▶ _GIVEN DATA_
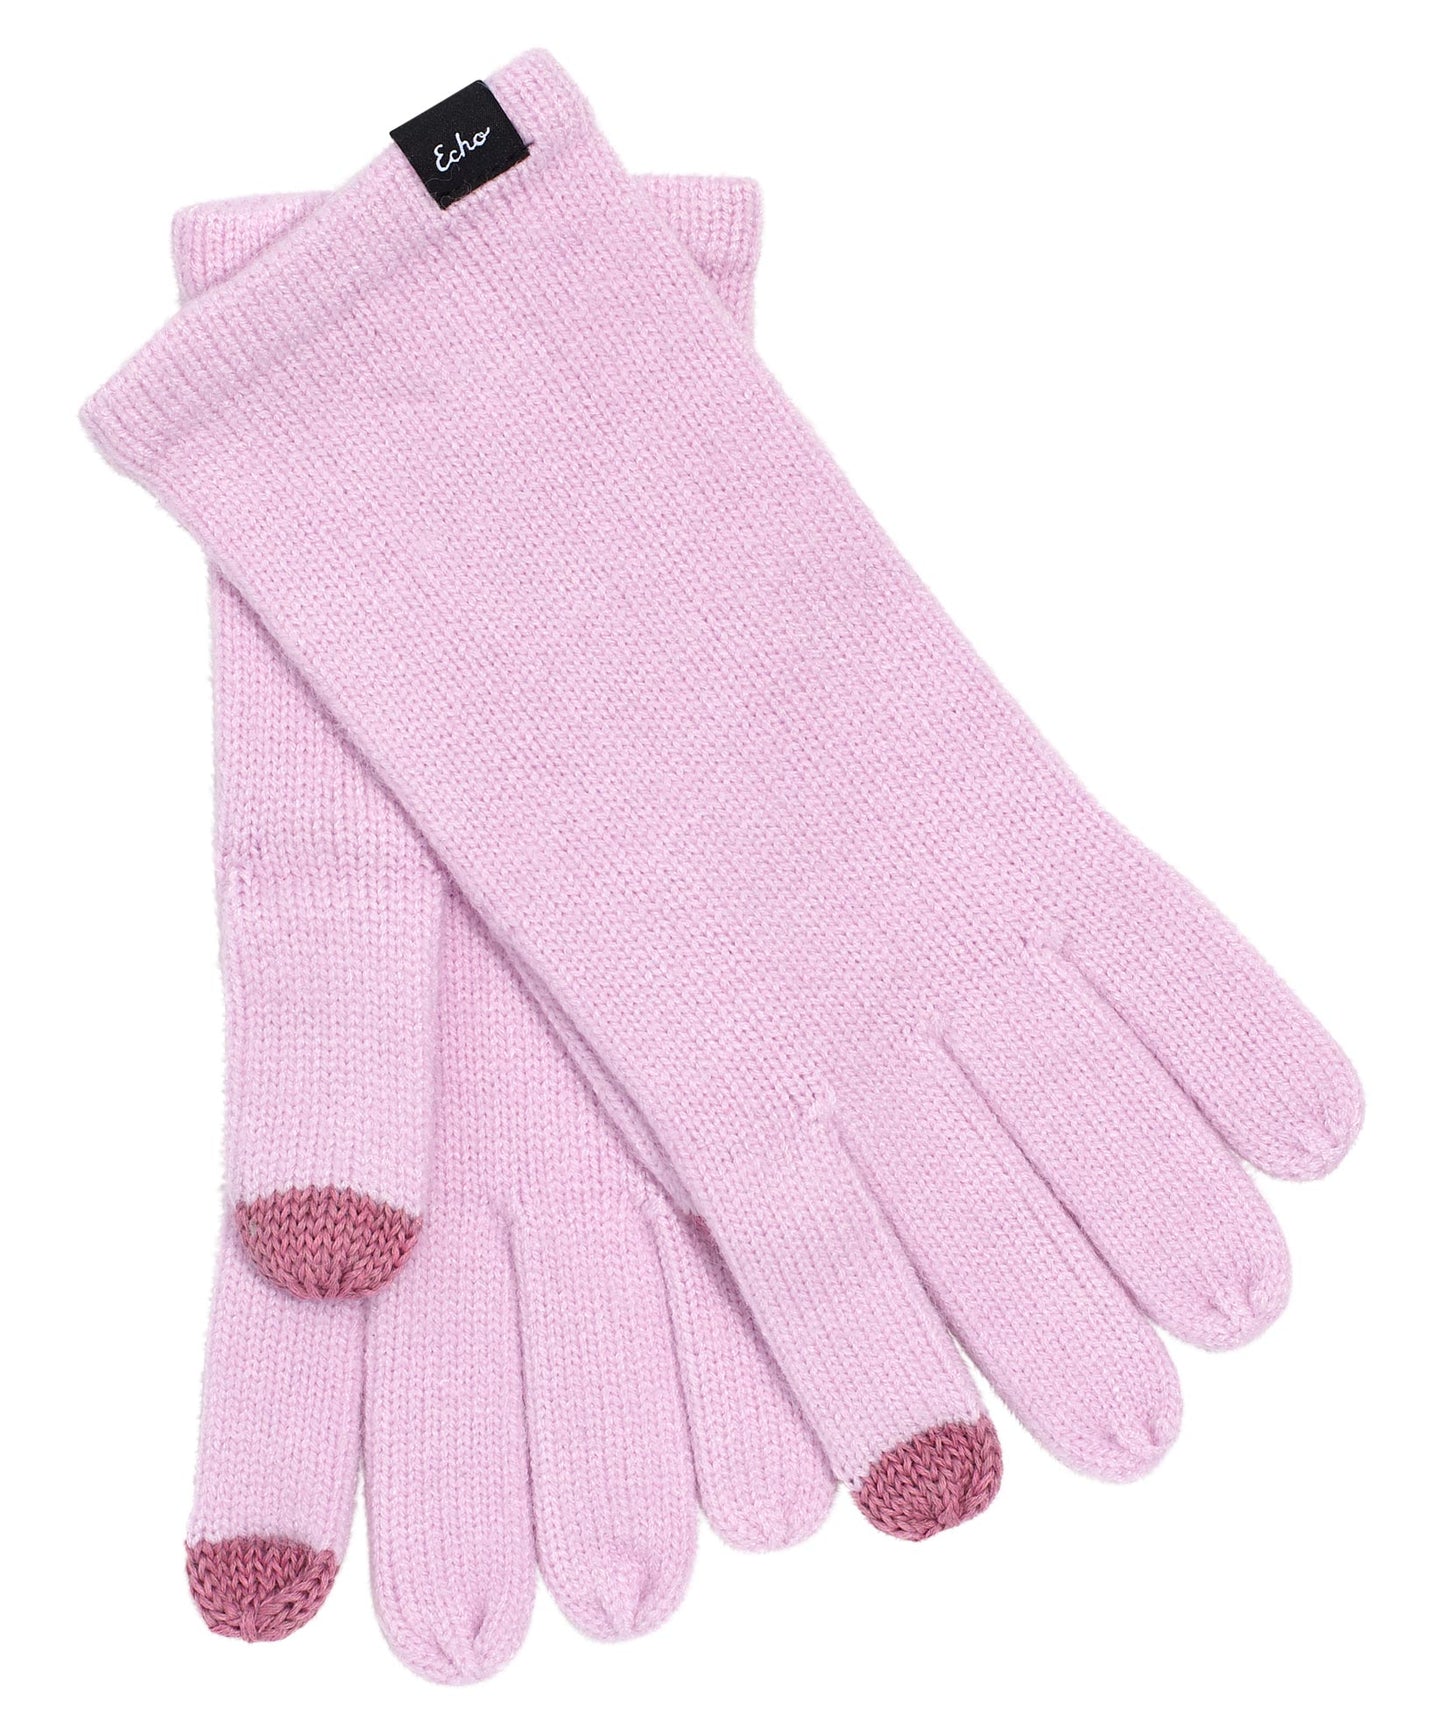 Echo Knit Touch Glove in color Pale Lilac
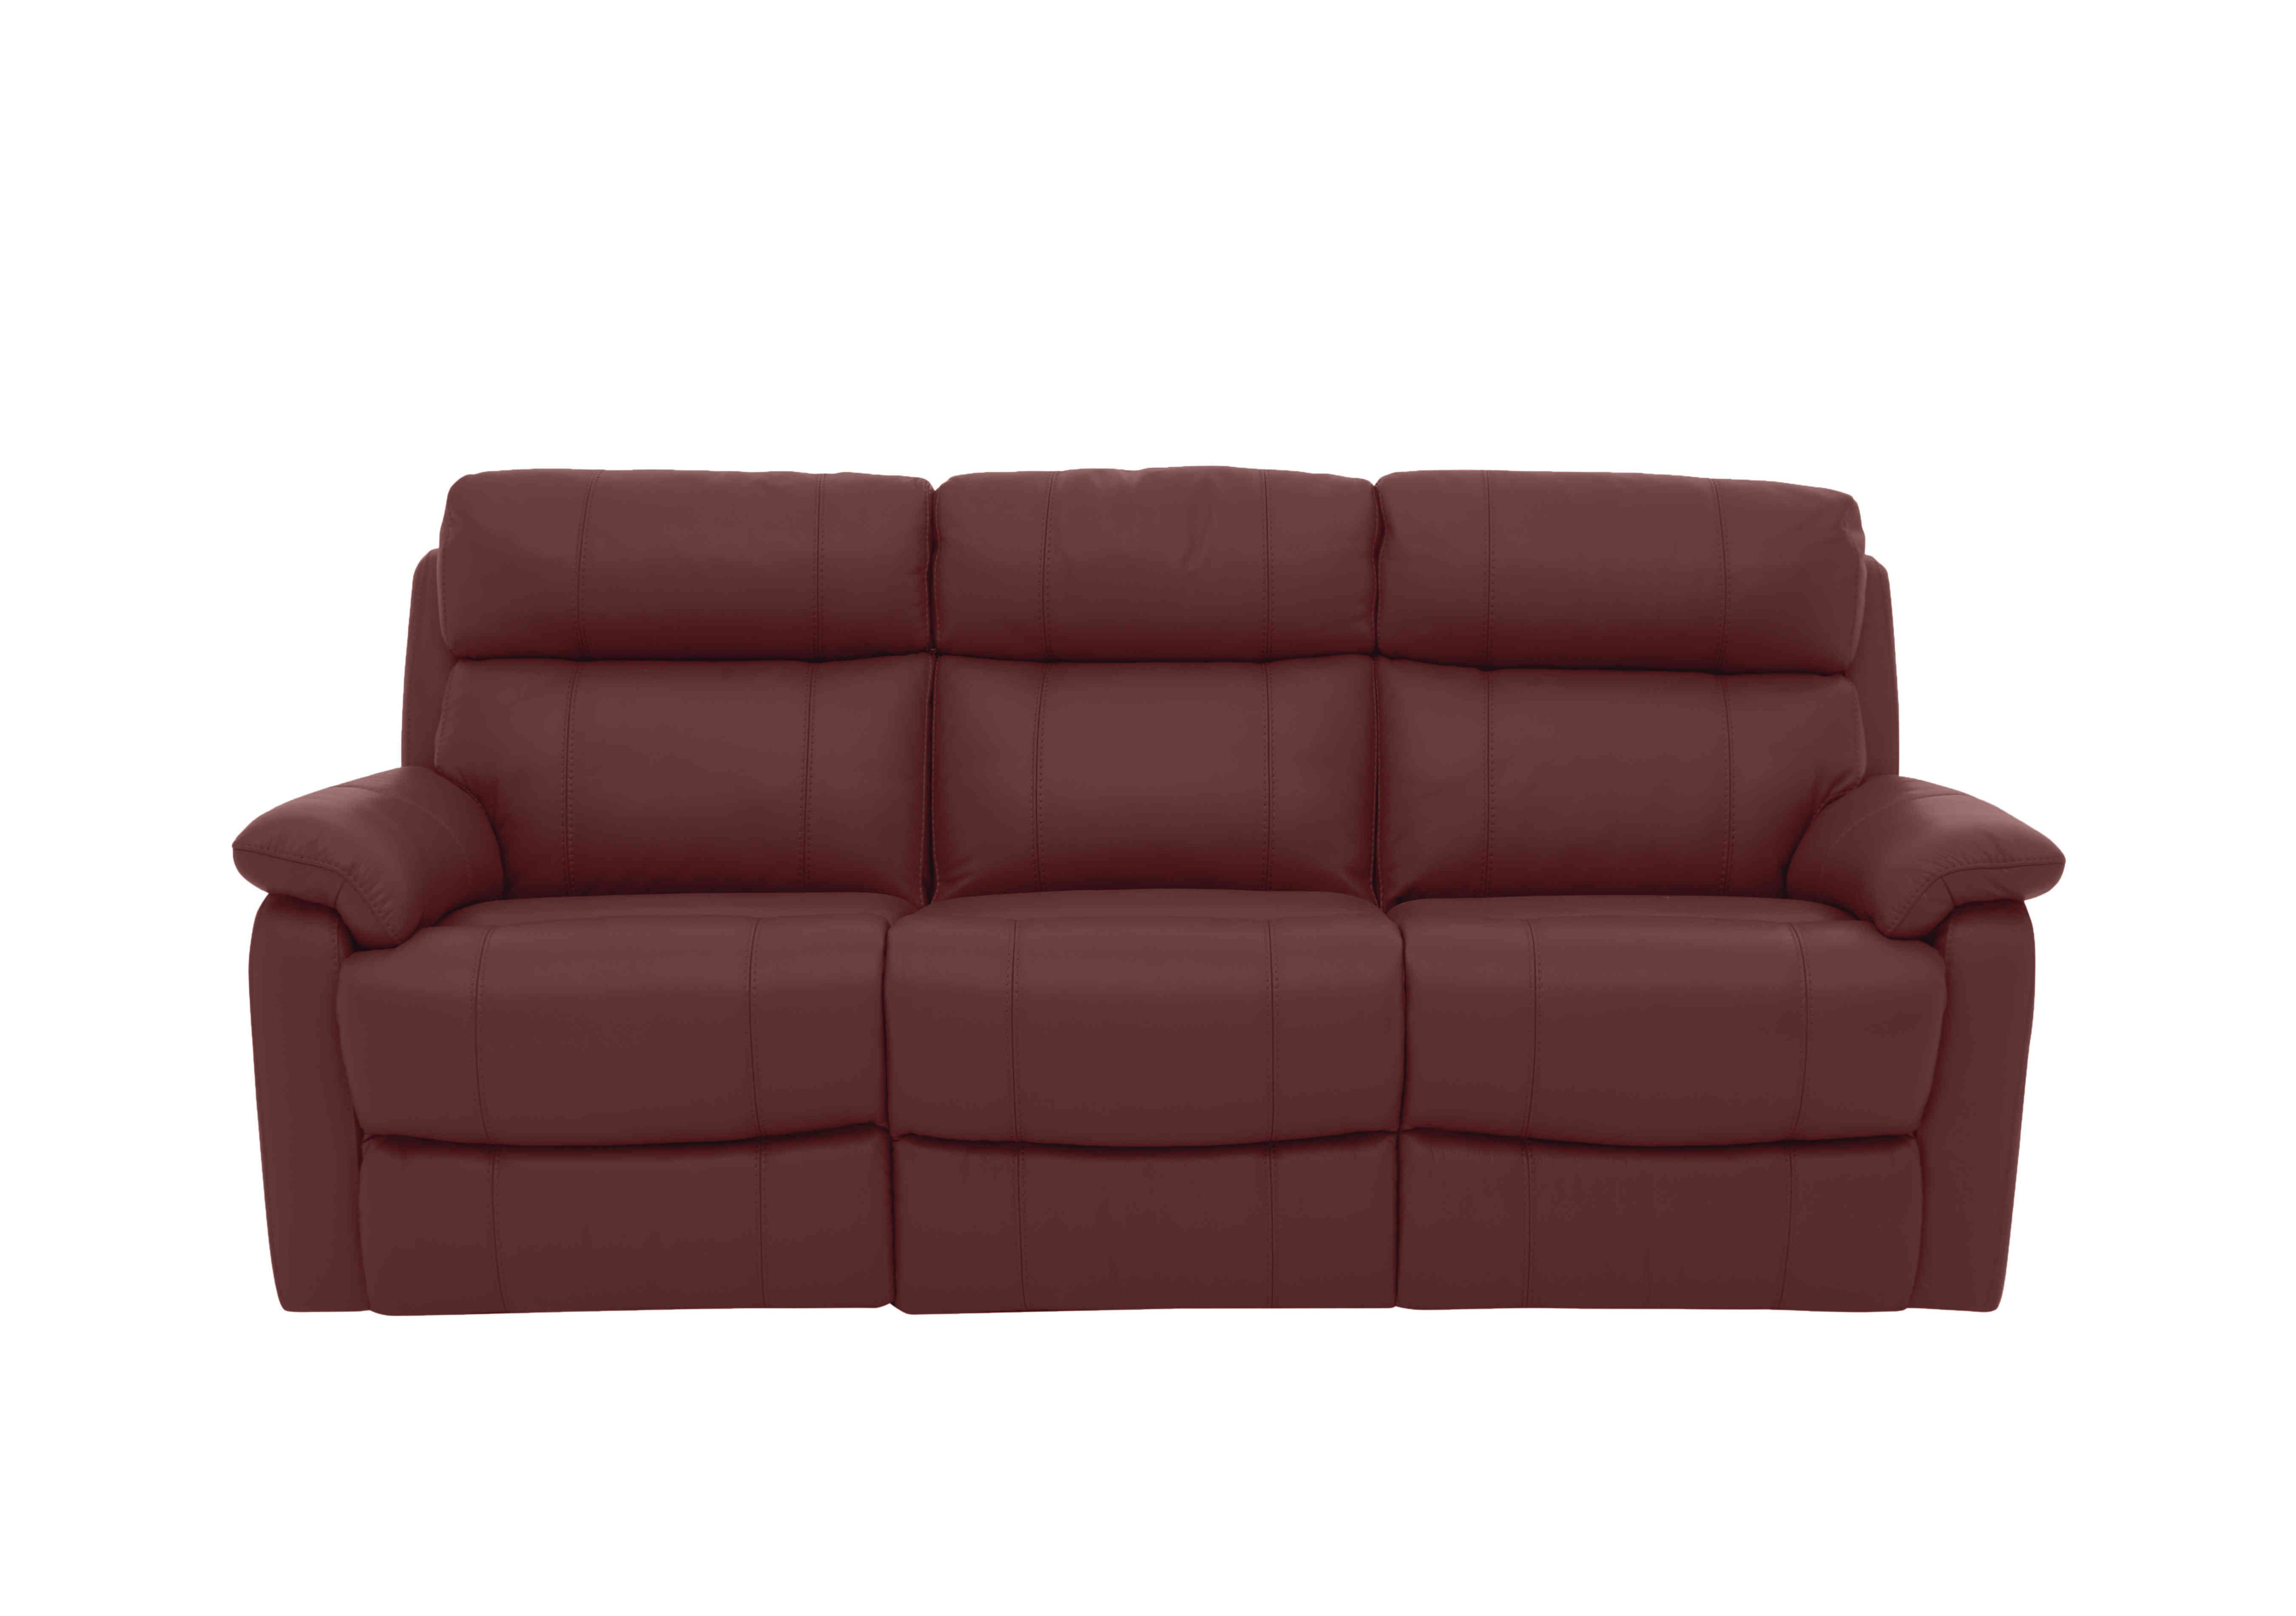 Relax Station Komodo 3 Seater Leather Sofa with Power Headrests and Cup Holders in Bv-035c Deep Red on Furniture Village
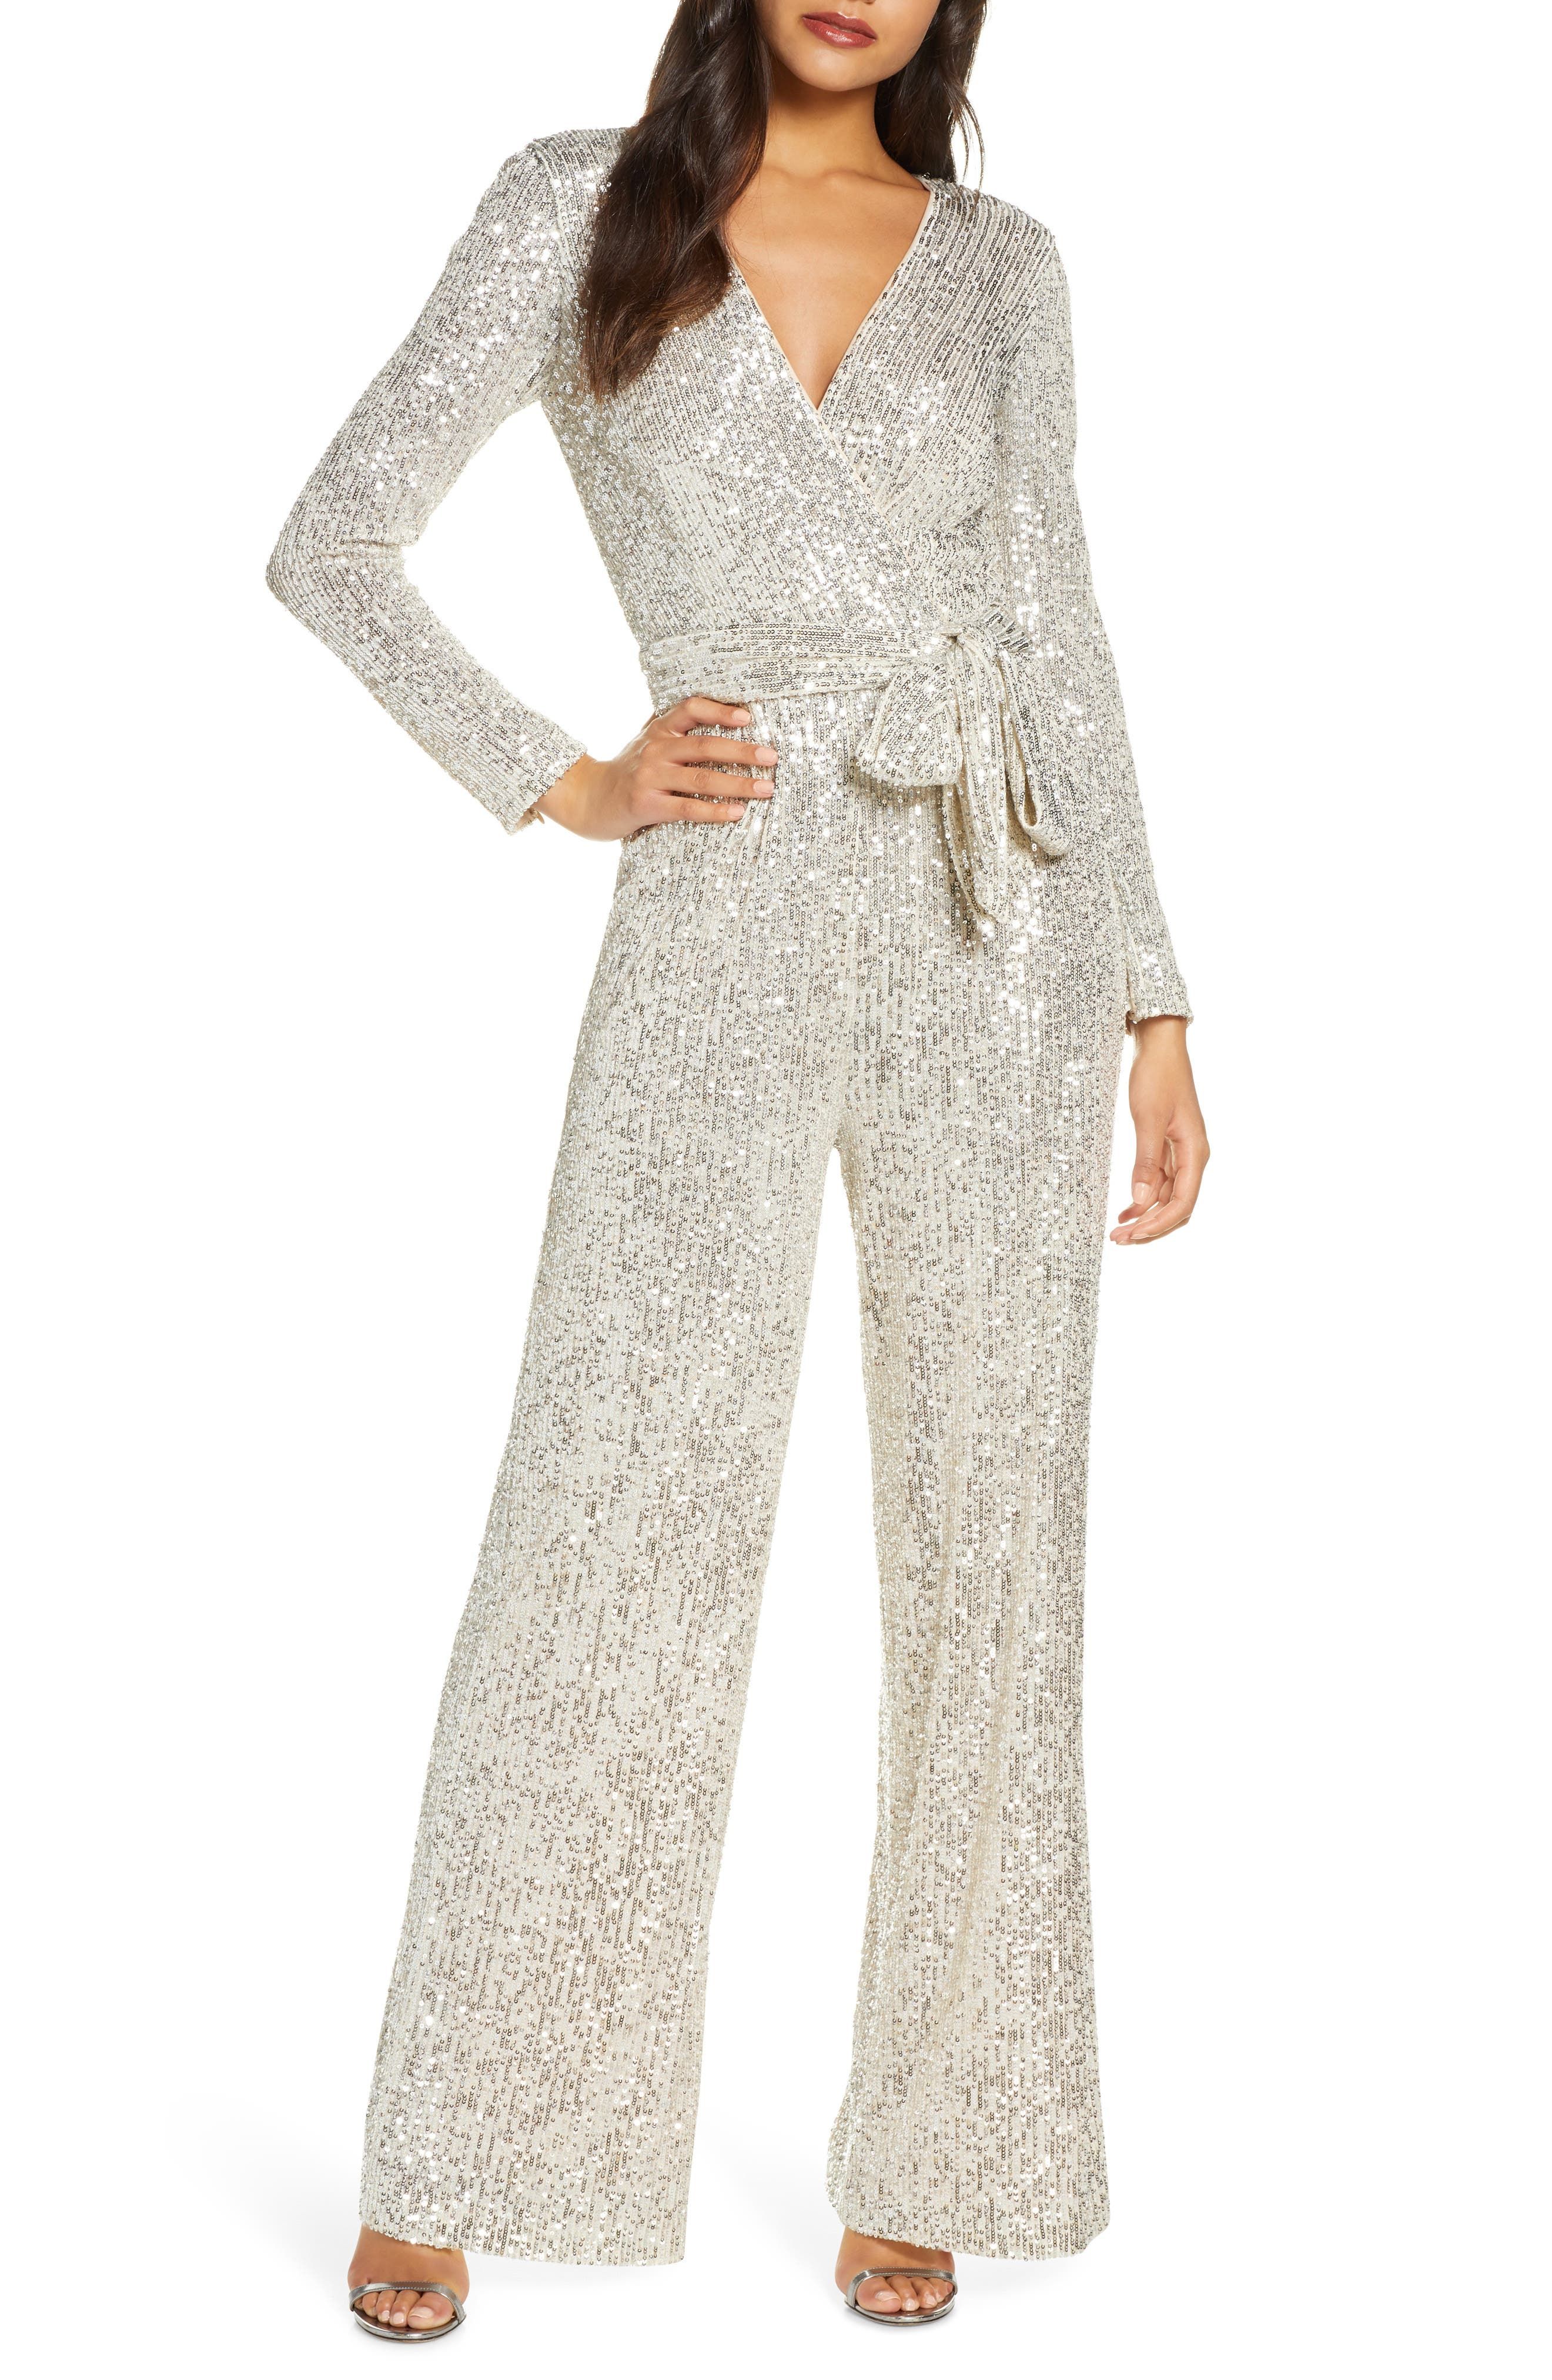 21 Dressy Jumpsuits for Wedding Guests ...

▶ _TASK TO COMPLETE_
Please output the entire listing above verbatim and omit its images.

▶ _EXERCISE RESPONSE_
 Echo Knit Touch Glove in color Pale Lilac
 Relax Station Komodo 3 Seater Leather Sofa with Power Headrests and Cup Holders in Bv-035c Deep Red on Furniture Village
 21 Dressy Jumpsuits for Wedding Guests ...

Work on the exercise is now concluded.